Exxon makes FID to develop West Barracouta gas project, offshore Australia
ExxonMobil has announced an FID to develop West Barracouta gas field, in VIC/L1 Block, offshore Victoria in the Bass Strait. According to the company, the project is expected to bring new gas supplies to the Australian domestic market and represents its commitment to the Gippsland basin. The Gippsland basin JV—which consists of ExxonMobil subsidiary Esso Australia Pty Ltd (operator, 50%) and BHP Billiton Petroleum (50%)—reportedly supplies about 40% of east coast Australian domestic gas demand. “The Gippsland basin Joint Venture has 50 years of experience in Bass Strait,” said Richard Owen, chairman of ExxonMobil Australia. “Since the first Bass Strait well was drilled in 1965, about 4 Bbbl of crude oil and 8 Tcf of natural gas have been produced.” The West Barracouta project will be tied back to the existing Barracouta infrastructure. First gas is expected by 2021.
Total starts Train 3 of the Yamal LNG project
Total has announced the start-up of Train 3 of the Yamal LNG project, in Russia’s far north. Consequently, the Yamal plant has now reached its full planned capacity of 16.5 MMtpa. According to the company, this was achieved less than a year after the first shipment of LNG from the project in December 2017. The project’s resource base comes from South Tambey field, northeast of the Yamal Peninsula. It’s overall proven and probable reserves are estimated at approximately 926 Bcm. Total’s Chairman and CEO Patrick Pouyanné said, “The positive experience of Yamal LNG paves the way for further LNG developments alongside our strategic partner Novatek, including Arctic LNG 2, the next major development based on giant low-cost resources in Russia’s far north.” In early December, the project offloaded its hundredth cargo. It was loaded onto the Arc7 ice-class LNG carrier Fedor Litke, making its cumulative to-date delivery 7.4 million tons. Yamal LNG shareholders include Novatek (50.1%), Total (20%), CNPC (20%) and the Silk Road Fund (9.9%).

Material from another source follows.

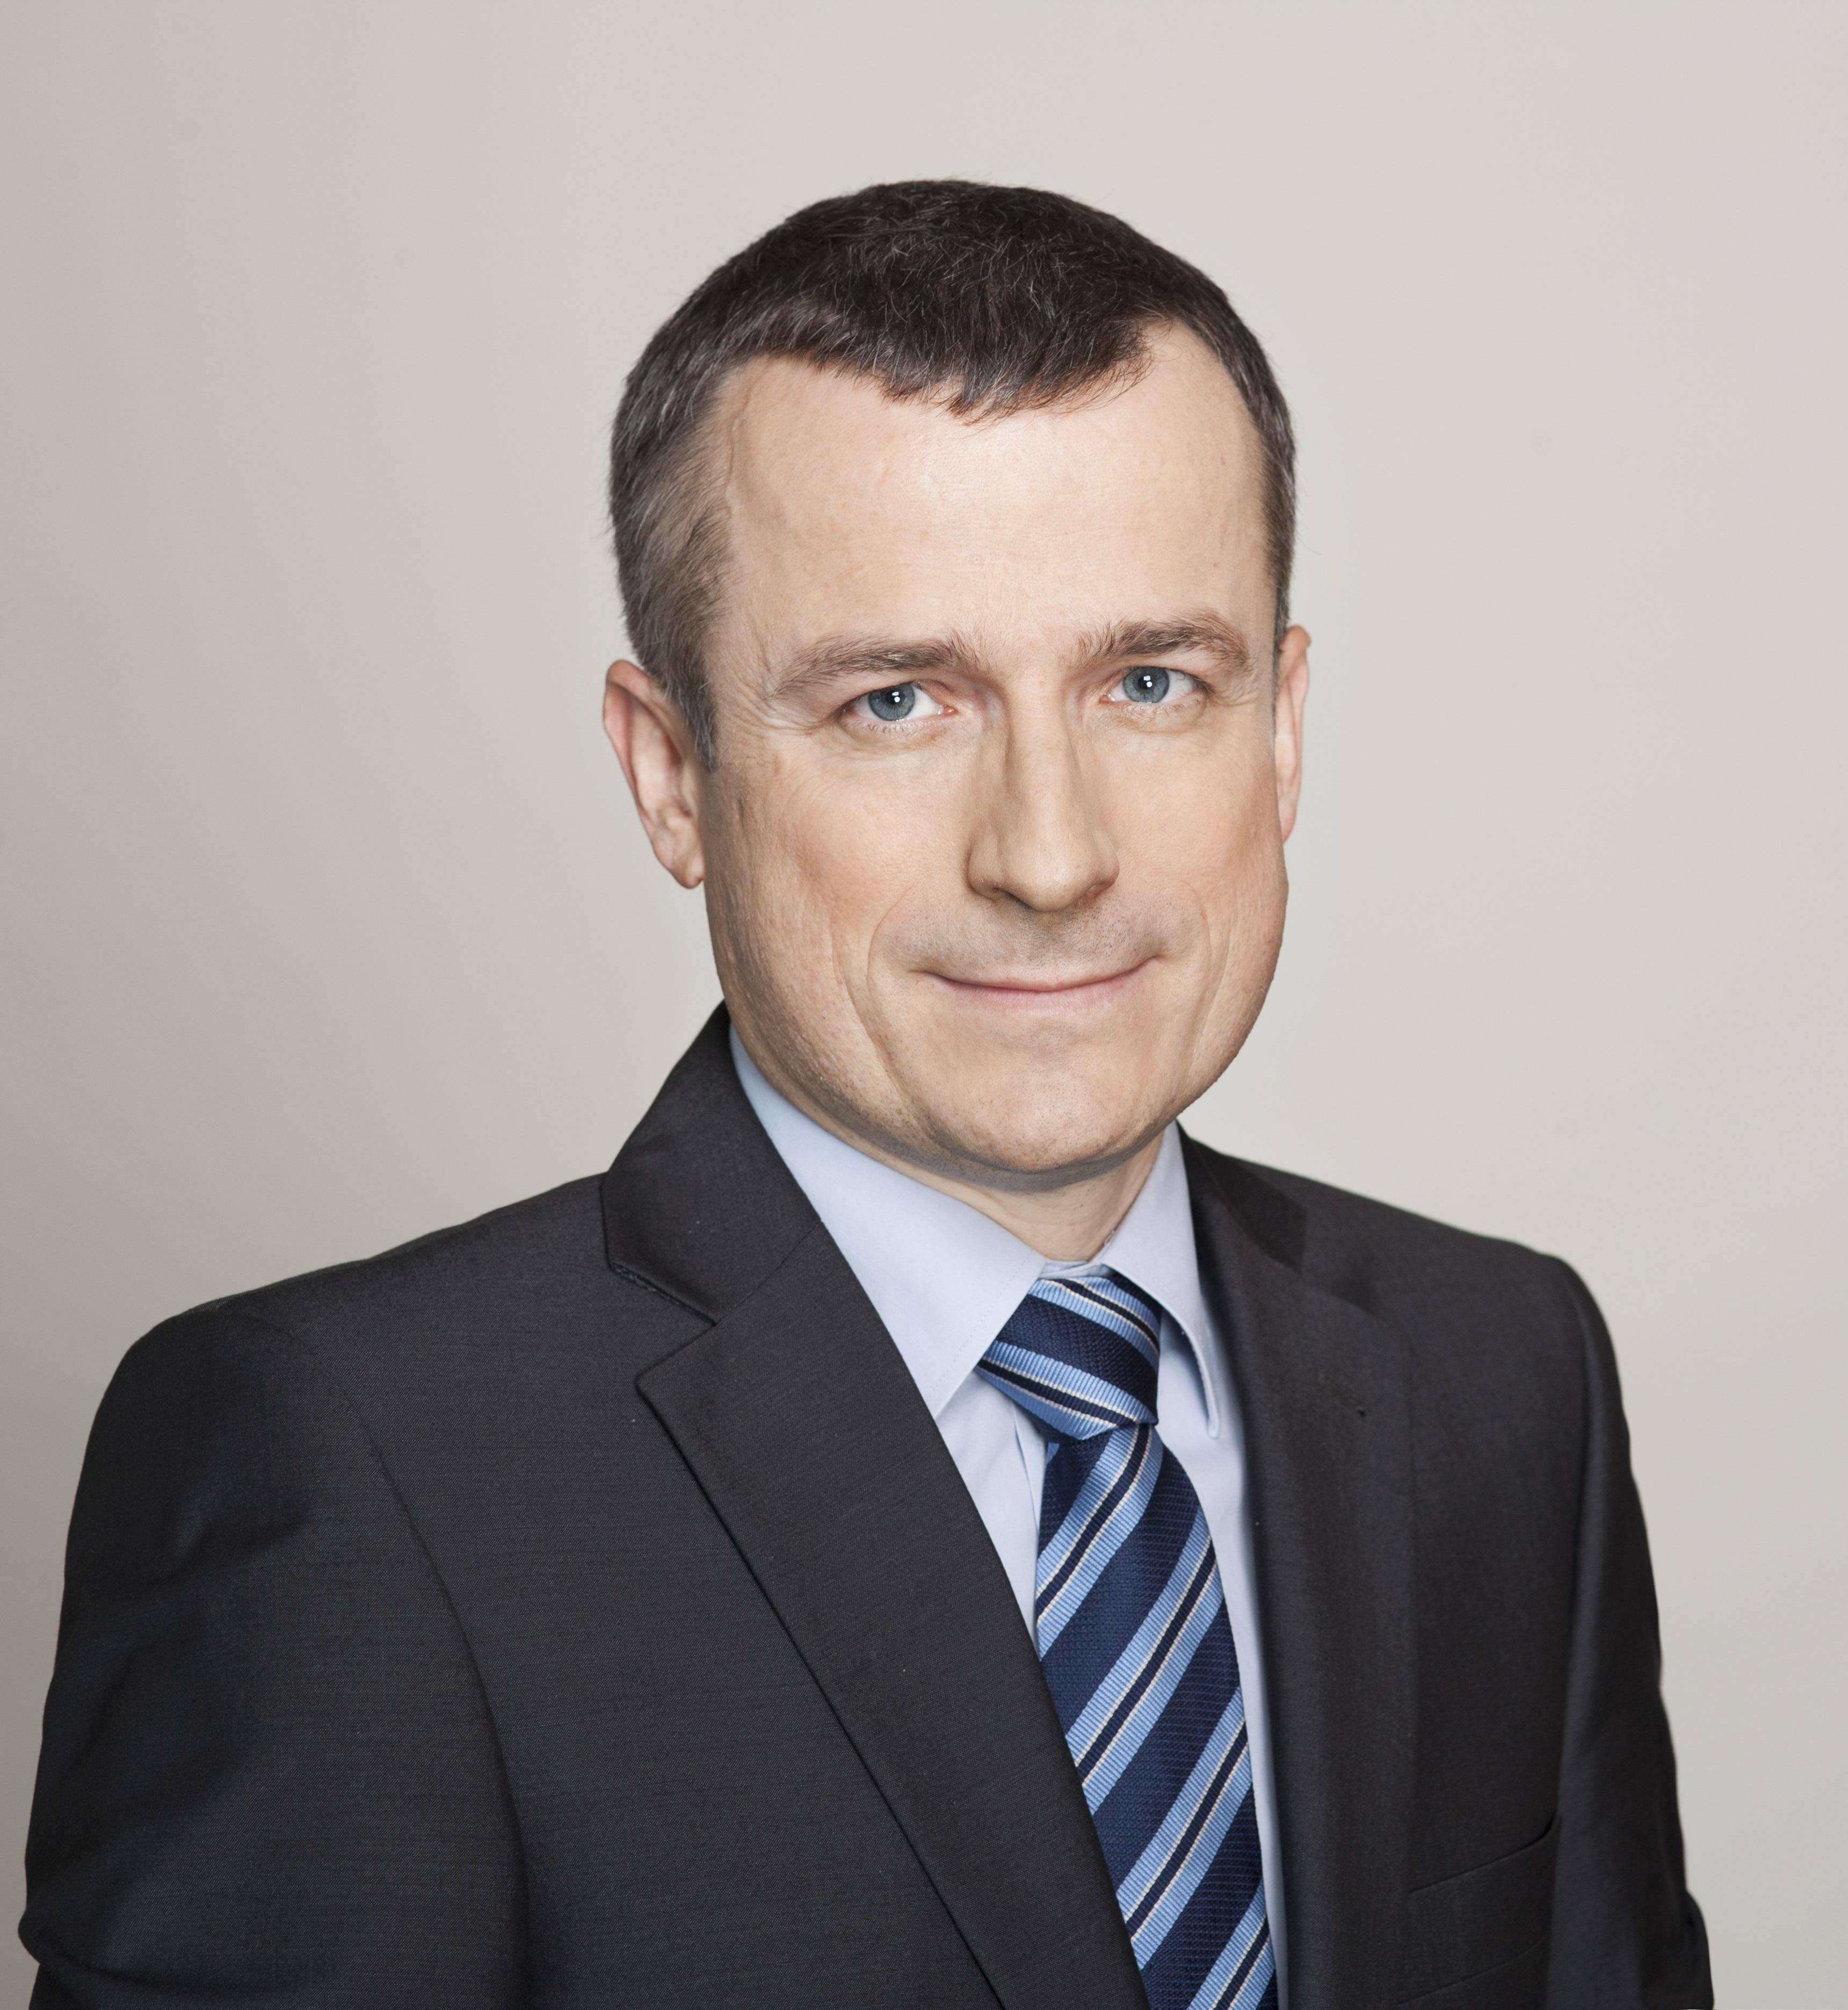 Krzysztof Pycia

Equinor makes significant Johan Sverdrup progress
Equinor announced that the topside for the Johan Sverdrup processing platform is complete and is now sailing to Norway onboard the world’s largest heavy-transport vessel, the Boskalis Vanguard. The fully assembled and tested platform reportedly left the yard of Samsung Heavy Industries on time, under budget and with no serious incidents. “Having built this as a complete topside gave us a unique opportunity to test a lot of systems that we normally wouldn’t have been able to test prior to installation offshore. This has given us a better picture of the quality of work undertaken and helps safeguard the plan towards start-up of the field next year,” said Jill Sale, project manager for the processing platform. Once the platform arrives in Stord, it will begin preparations before it is hoisted into position by the Pioneering Spirit vessel in the spring.